Лачуга Корзинщика после потопа так и осталась необитаемой, а Лили переселилась в пасторский дом. Она с благоговением осмотрела комнату экономки, потрогала изголовье кровати, ночной столик и комод из красного дерева, постоянно напоминая себе, что дни, когда она не решалась владеть мало-мальски ценными вещами – «Я все равно это потеряю», – канули в прошлое. Щенку выделили место в корзине на кухне, и священник уже успел привязаться к нему так же, как Лили. Порой, размышляя об этом, Лили задавалась вопросом: а не она ли сама была в детстве заядлой собачницей, задним числом приписав эту любовь и сестре, – или они с Анной обе любили возиться со щенками?

Когда река вернулась в свои берега, на пойменном лугу был найден детский скелет с золотой цепочкой на шее и подвеской в виде якоря, застрявшей внутри грудной клетки. Воганы похоронили останки дочери и очень горевали, но нашли утешение в маленьком сыне. Они вместе посетили оксфордский дом миссис Константайн, которая участливо выслушала их рассказ обо всем случившемся, после чего они вволю наплакались в ее уютной гостиной, а потом умылись и вытерли лица мягкими полотенцами. А еще чуть погодя Баскот-Лодж и все прилегающие земельные угодья, включая Сивушный остров, были выставлены на продажу. Хелена и Энтони попрощались с друзьями и отбыли вместе с сыном на берега иных рек, в далекую Новую Зеландию.

После смерти мужа Марго решила, что пора передать бразды правления трактиром следующему поколению. Ее старшая дочь переселилась в «Лебедь» со своим супругом и детьми, и их дела быстро пошли в гору. Марго по-прежнему стояла за стойкой, подогревала сидр и готовила пиво с пряностями, но тяжелые работы – вроде колки дров или подъема бочек – передоверила своему зятю, благо силой тот обделен не был. Джонатан помогал сестре, как ранее помогал матери, и при всяком удобном случае рассказывал посетителям удивительную историю о девочке, которую достали из реки в ночь зимнего солнцестояния; о девочке, которая утонула, но потом ожила; о девочке, которая так и не произнесла ни слова до тех пор, пока вышедшая из берегов река – спустя ровно год – не забрала ее обратно, чтобы воссоединить с отцом-паромщиком. Но когда его просили для разнообразия рассказать что-нибудь еще, с этим, увы, возникала загвоздка.

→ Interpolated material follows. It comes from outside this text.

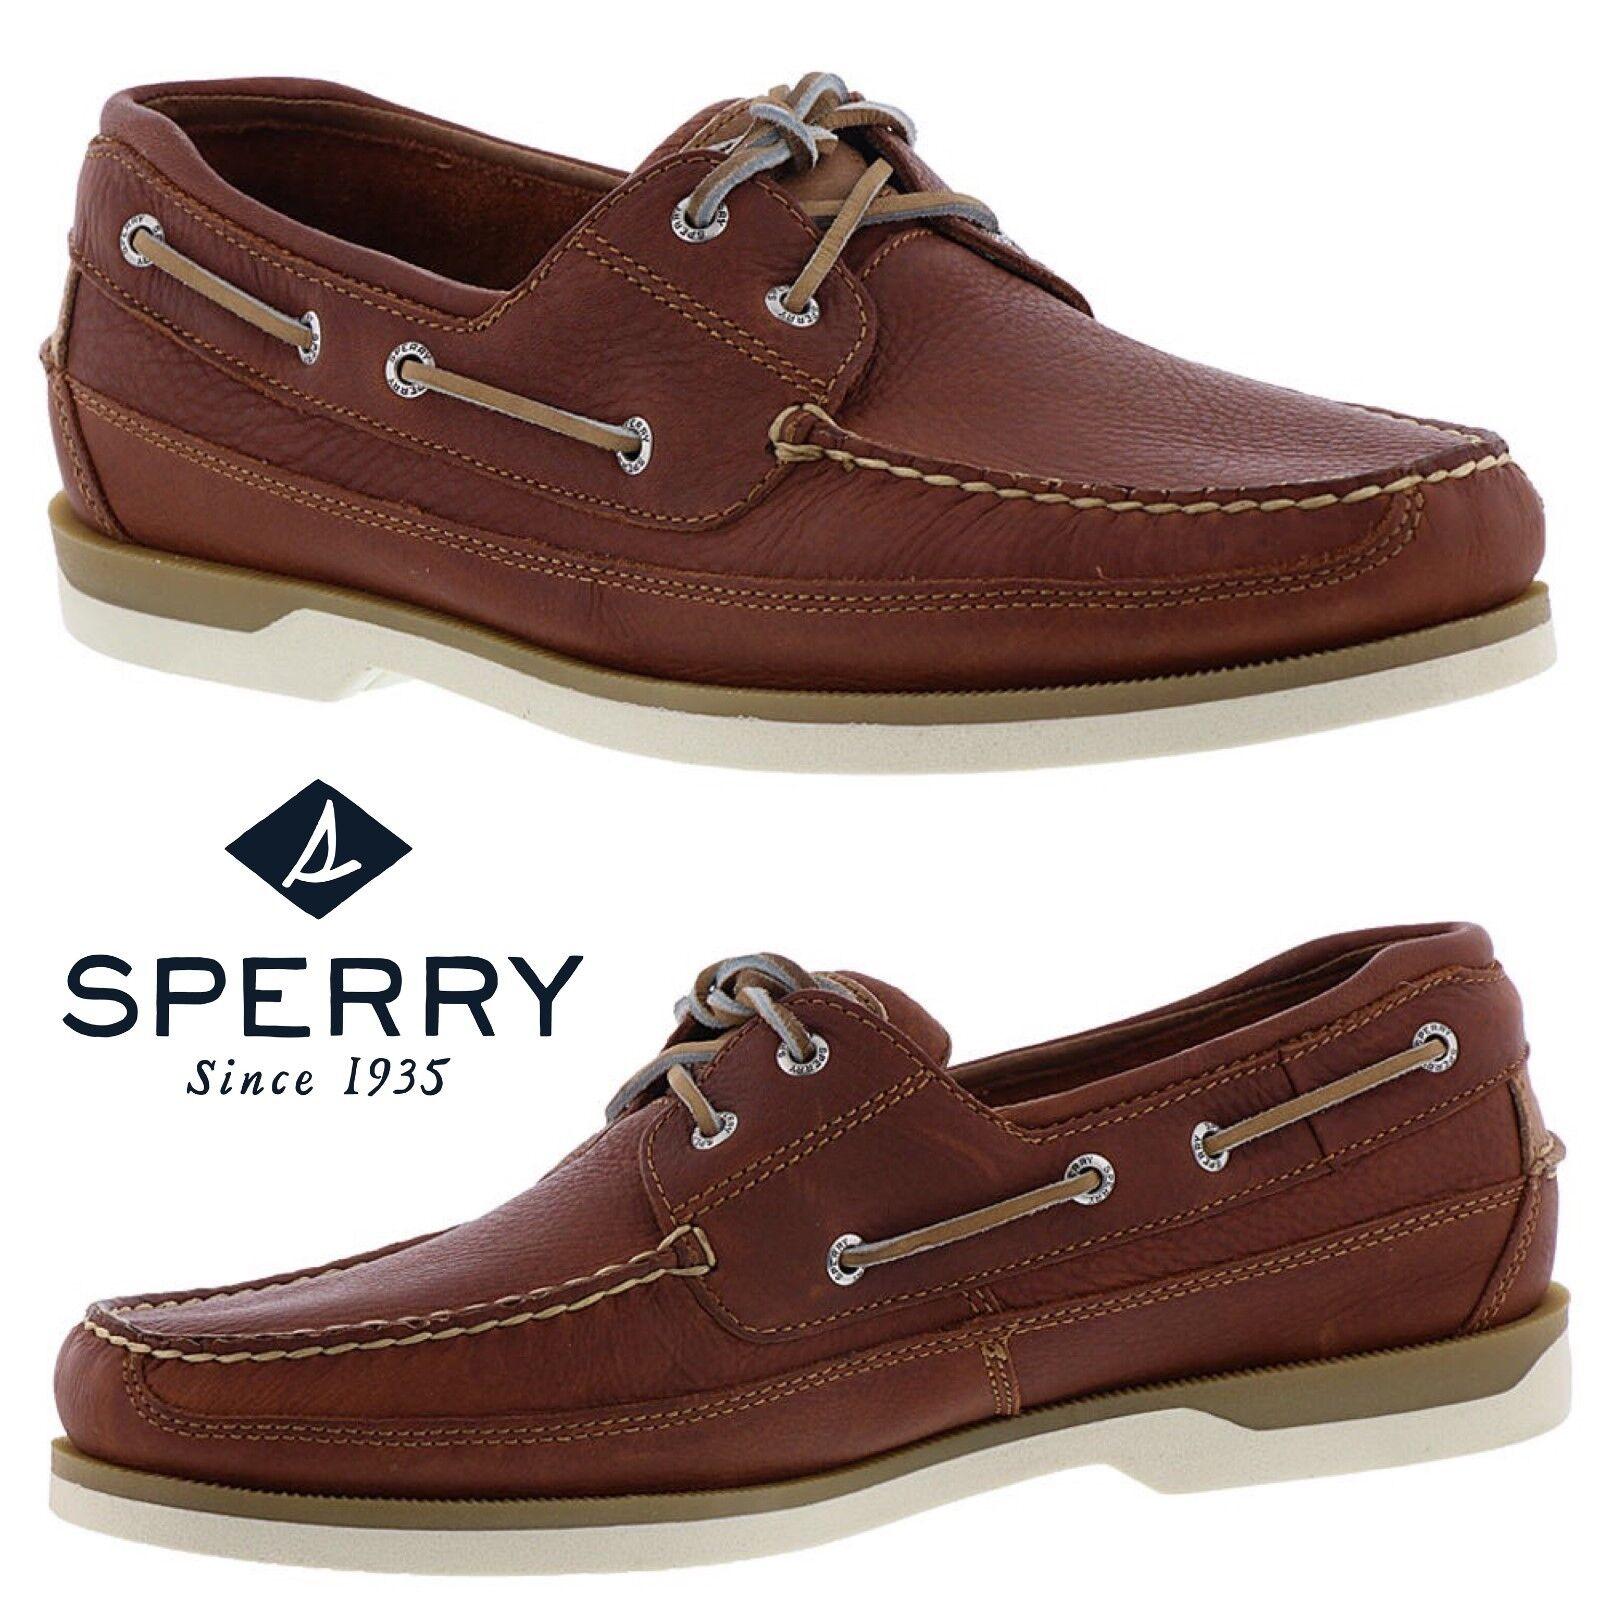 Scarpe casual da uomo  Sperry Top-Sider Mako 2-Eye Canoe Moc Shoes Work Comfort Leather Walking NWB
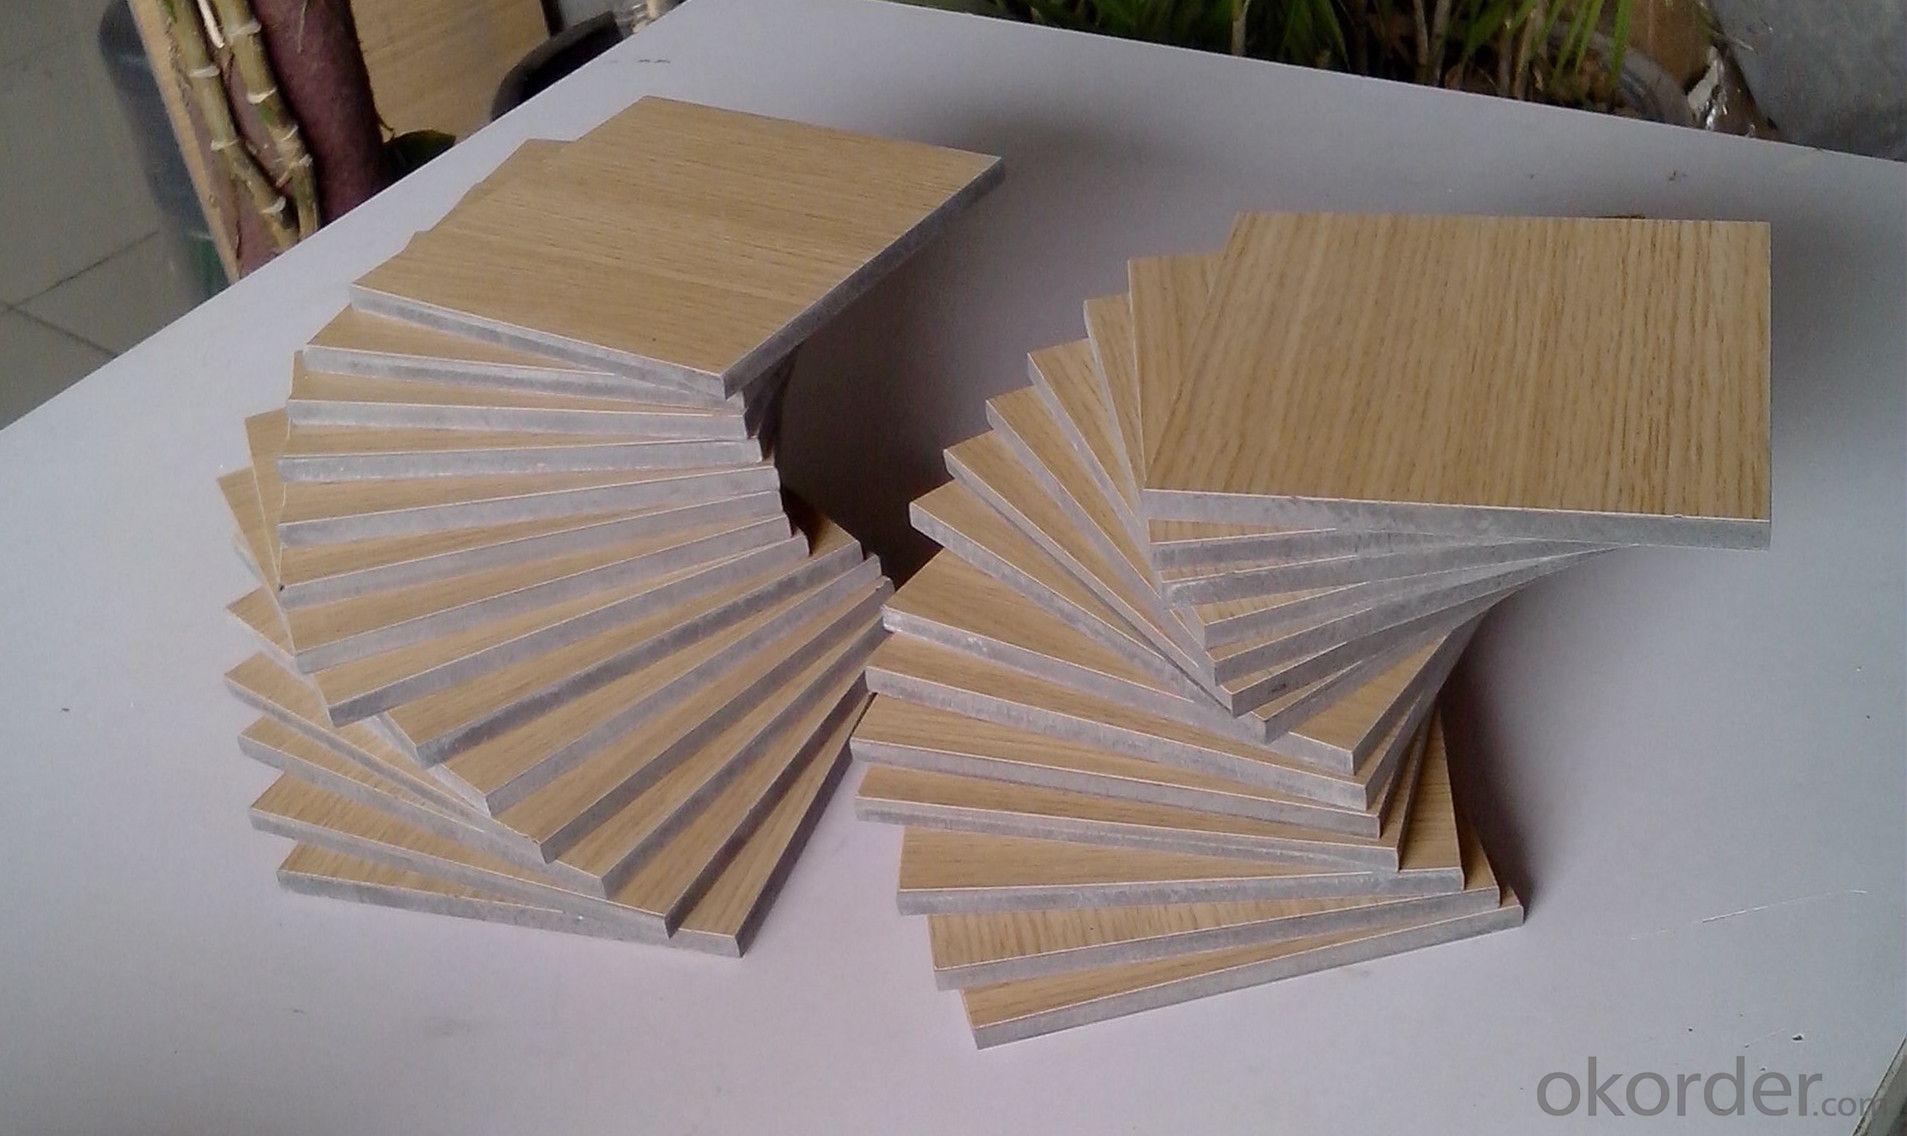 Compact High Pressure Laminate Wood Grain Surface

Донт завершил свою книгу с фотографиями и комментариями, и она имела определенный успех. Правда, его первоначальный замысел предполагал более масштабный труд, включающий виды и описания всех городов и деревушек, пересказы всех местных легенд и поверий, фото всех пристаней и водяных мельниц, всех речных изгибов и плесов, но реализовать в полной мере столь амбициозный проект, конечно же, не удалось. При всем том уже было продано более сотни экземпляров – так что он заказал в типографии дополнительный тираж, – и книга доставила истинное удовольствие многим читателям, в том числе и Рите.

Проводя недели и месяцы за штурвалом «Коллодиона», Донт был вынужден признать, что эта река – слишком большое и сложное явление, чтобы целиком вместиться в какую бы то ни было книгу. Величавая, мощная, непостижимая, она снисходительно дает людям возможность собою пользоваться, но периодически это ей надоедает, и тогда может случиться что угодно. Сегодня река трудолюбиво крутит колеса ваших мельниц, перемалывая зерно, а завтра может затопить ваши поля вместе с урожаем. Донт смотрел на манящий, плавный поток за бортом и в бликах на воде видел фрагменты прошлого и будущего. Эта река очень много значила для многих людей на протяжении многих лет – данной теме он посвятил отдельный небольшой очерк, включив его в свою книгу.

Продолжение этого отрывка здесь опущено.